* **Your objective**
Pictures aside, repeat the listing below exactly.

* **Stored data**
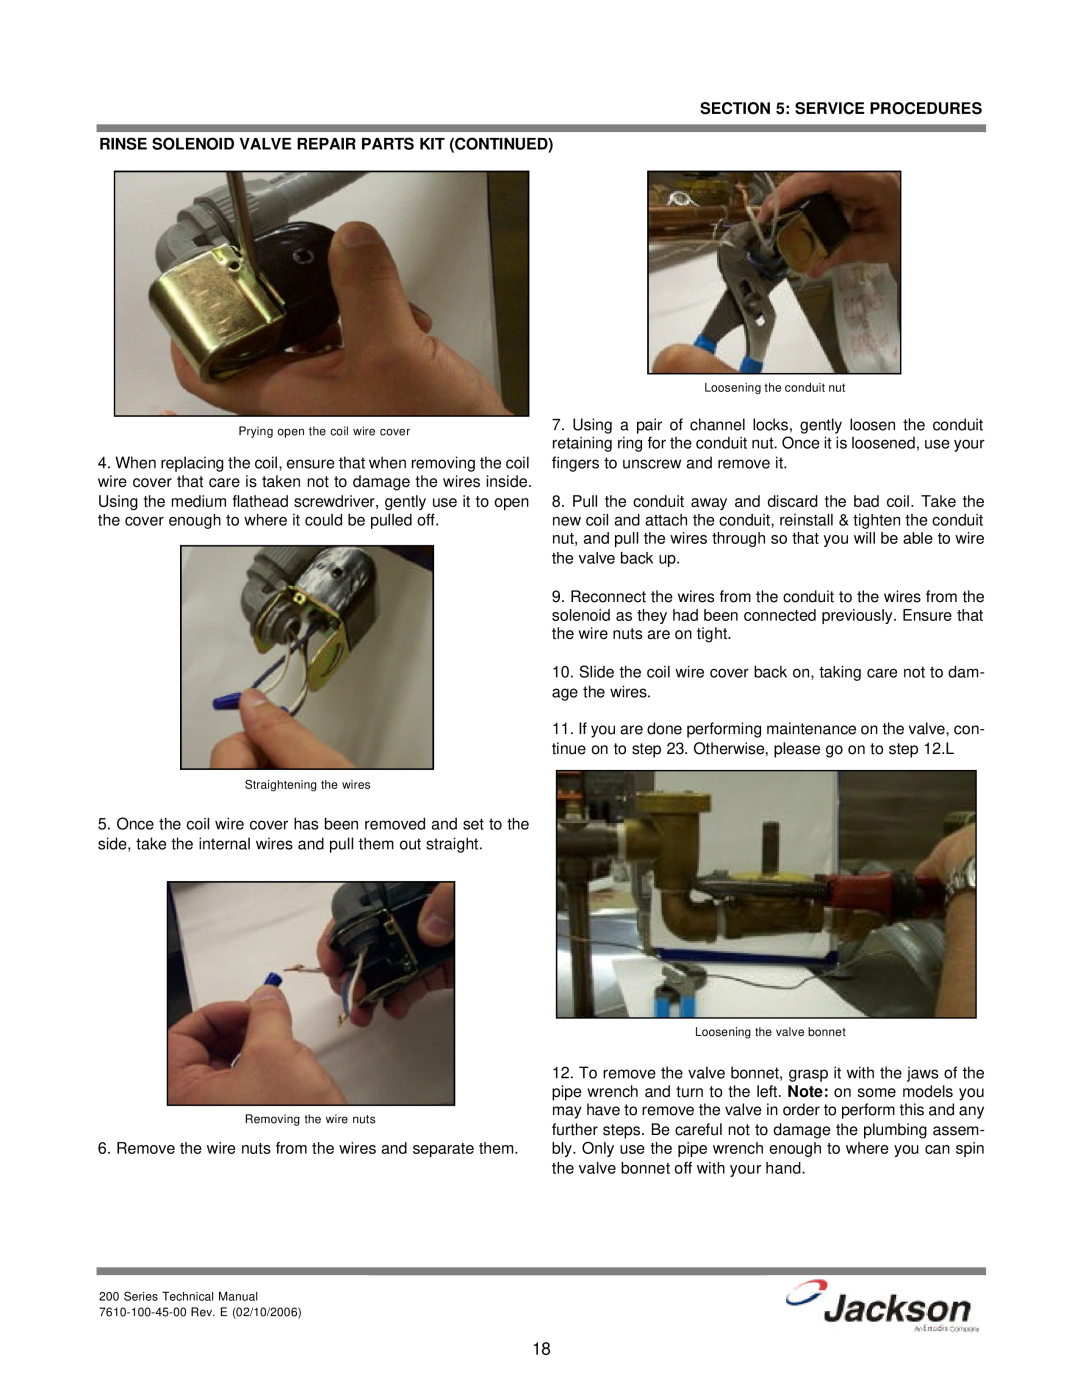 Jackson 200B, 200S, 200LT technical manual Rinse Solenoid Valve Repair Parts Kit Continued, Service Procedures 
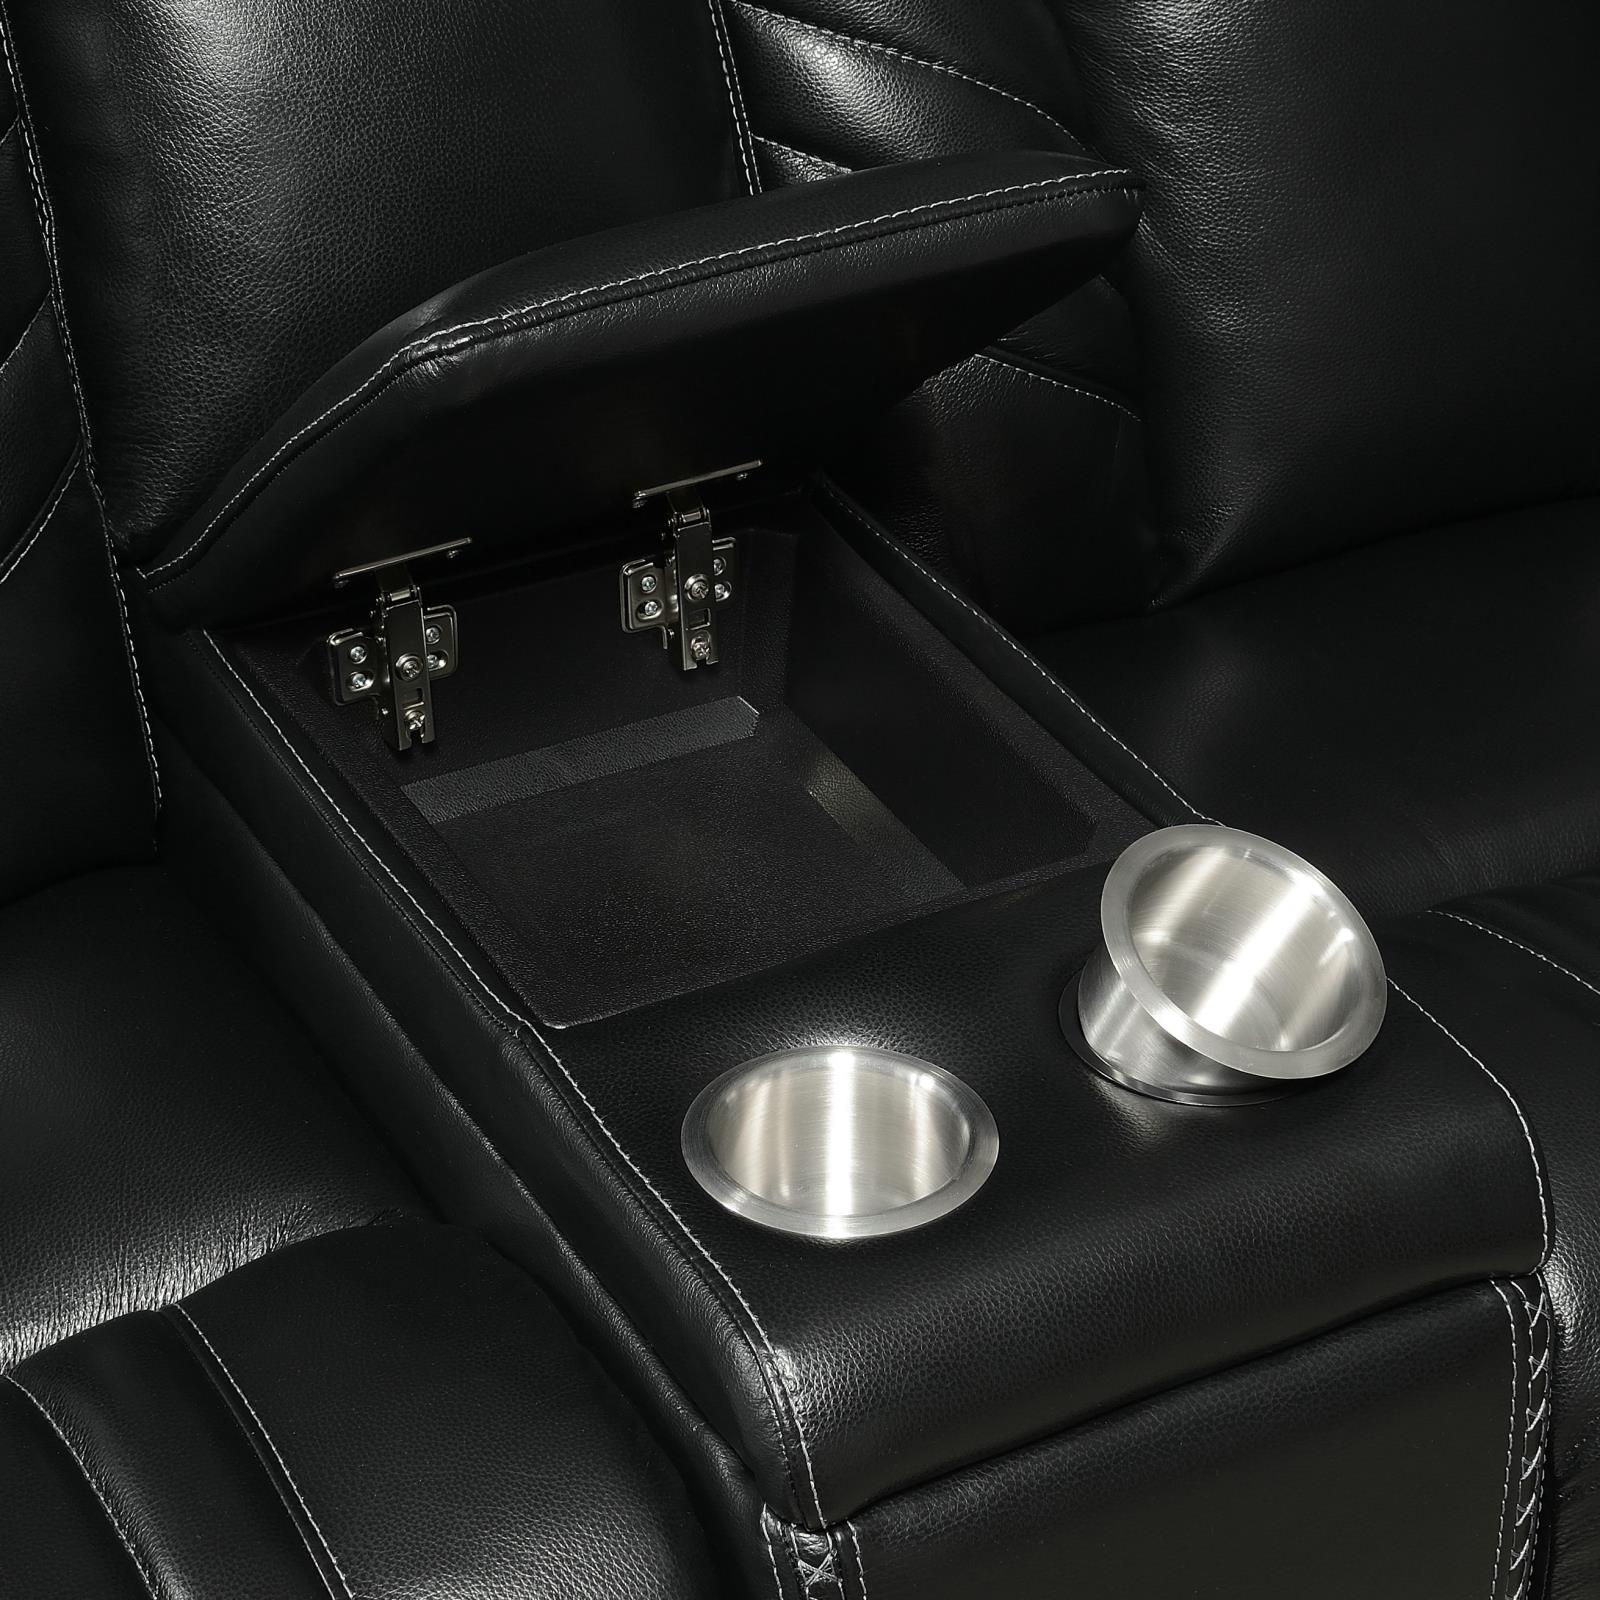 Bismark 2-piece Living Room Set with Power Headrest Black - What A Room
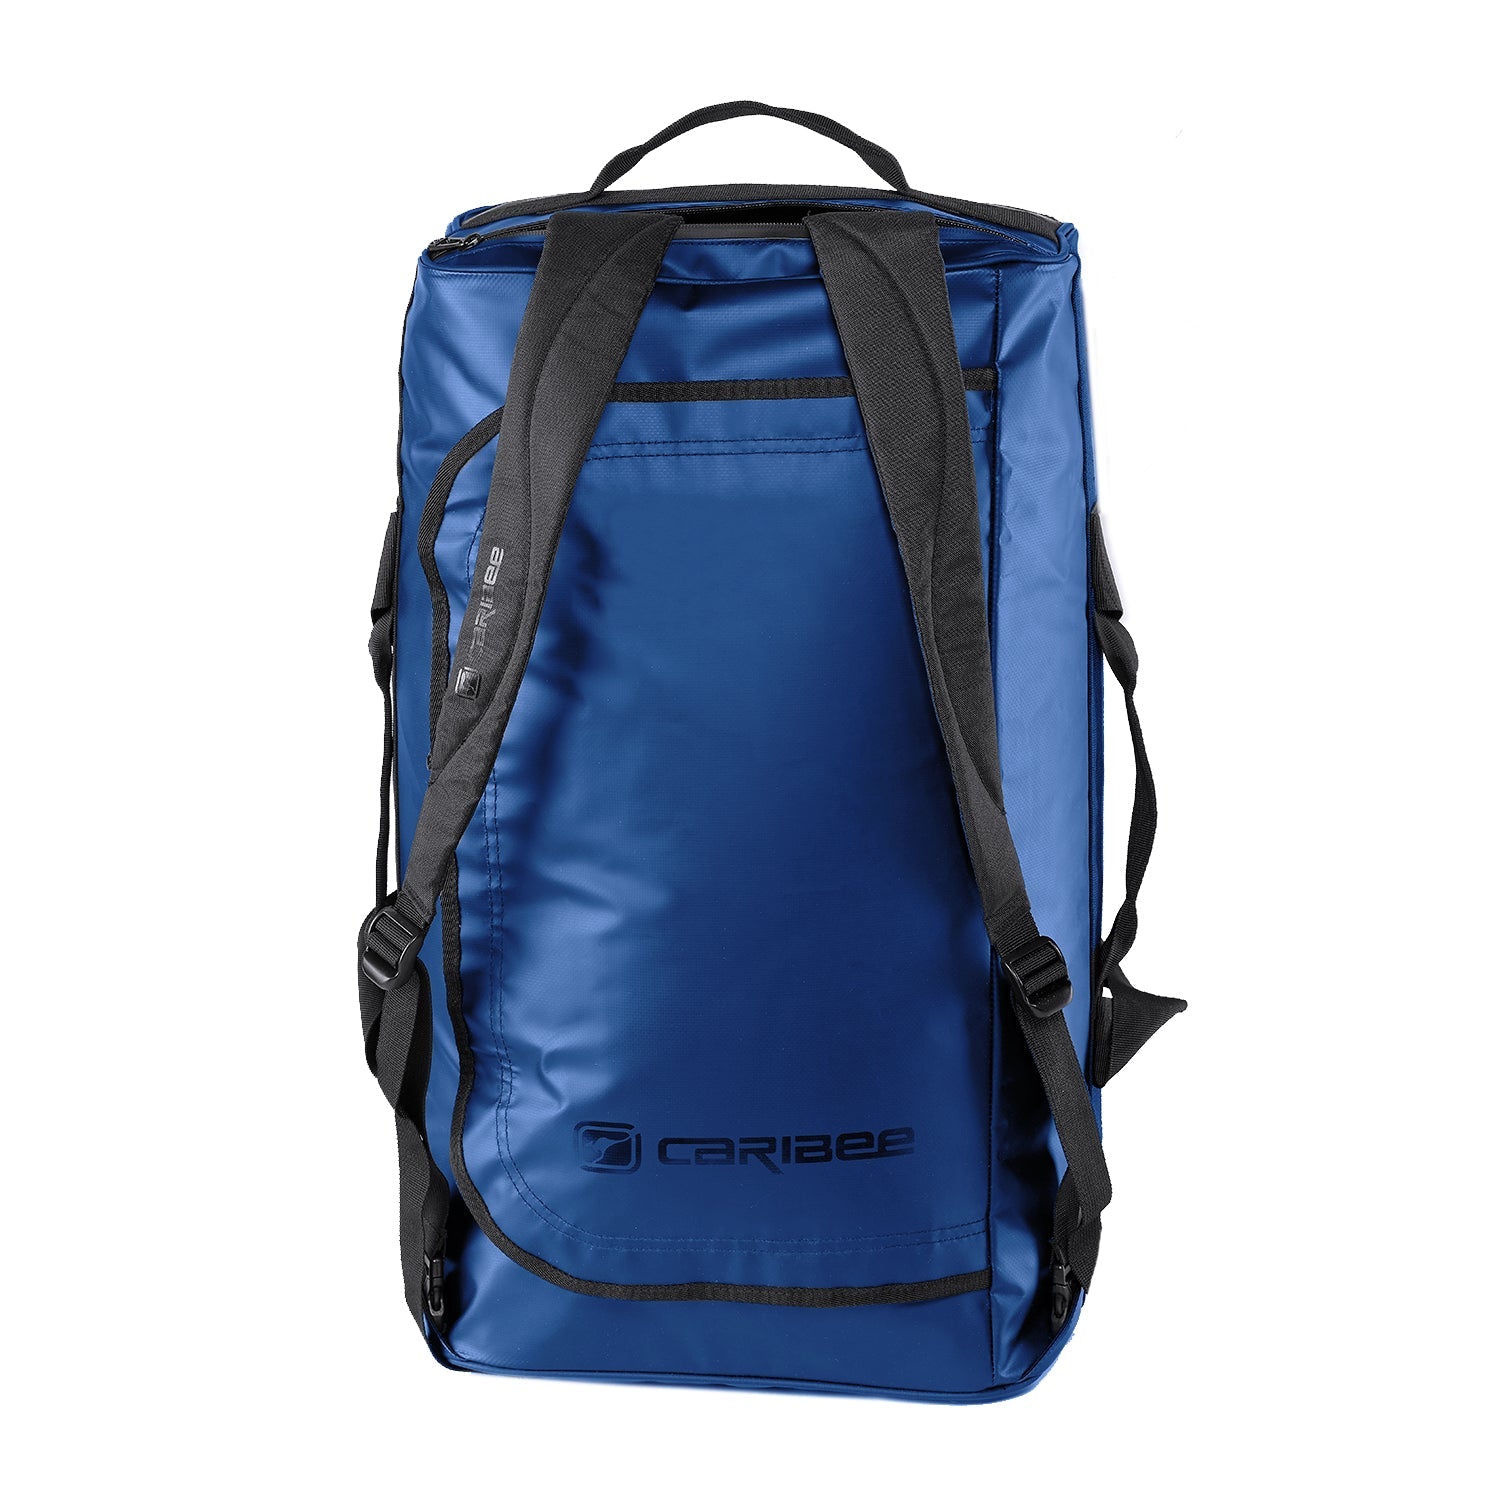 Caribee - Titan 50L Gear bag w Backpack straps - Blue

* **Exercise response**
 Jackson 200B, 200S, 200LT technical manual Rinse Solenoid Valve Repair Parts Kit Continued, Service Procedures 
 Bismark 2-piece Living Room Set with Power Headrest Black - What A Room
 Caribee - Titan 50L Gear bag w Backpack straps - Blue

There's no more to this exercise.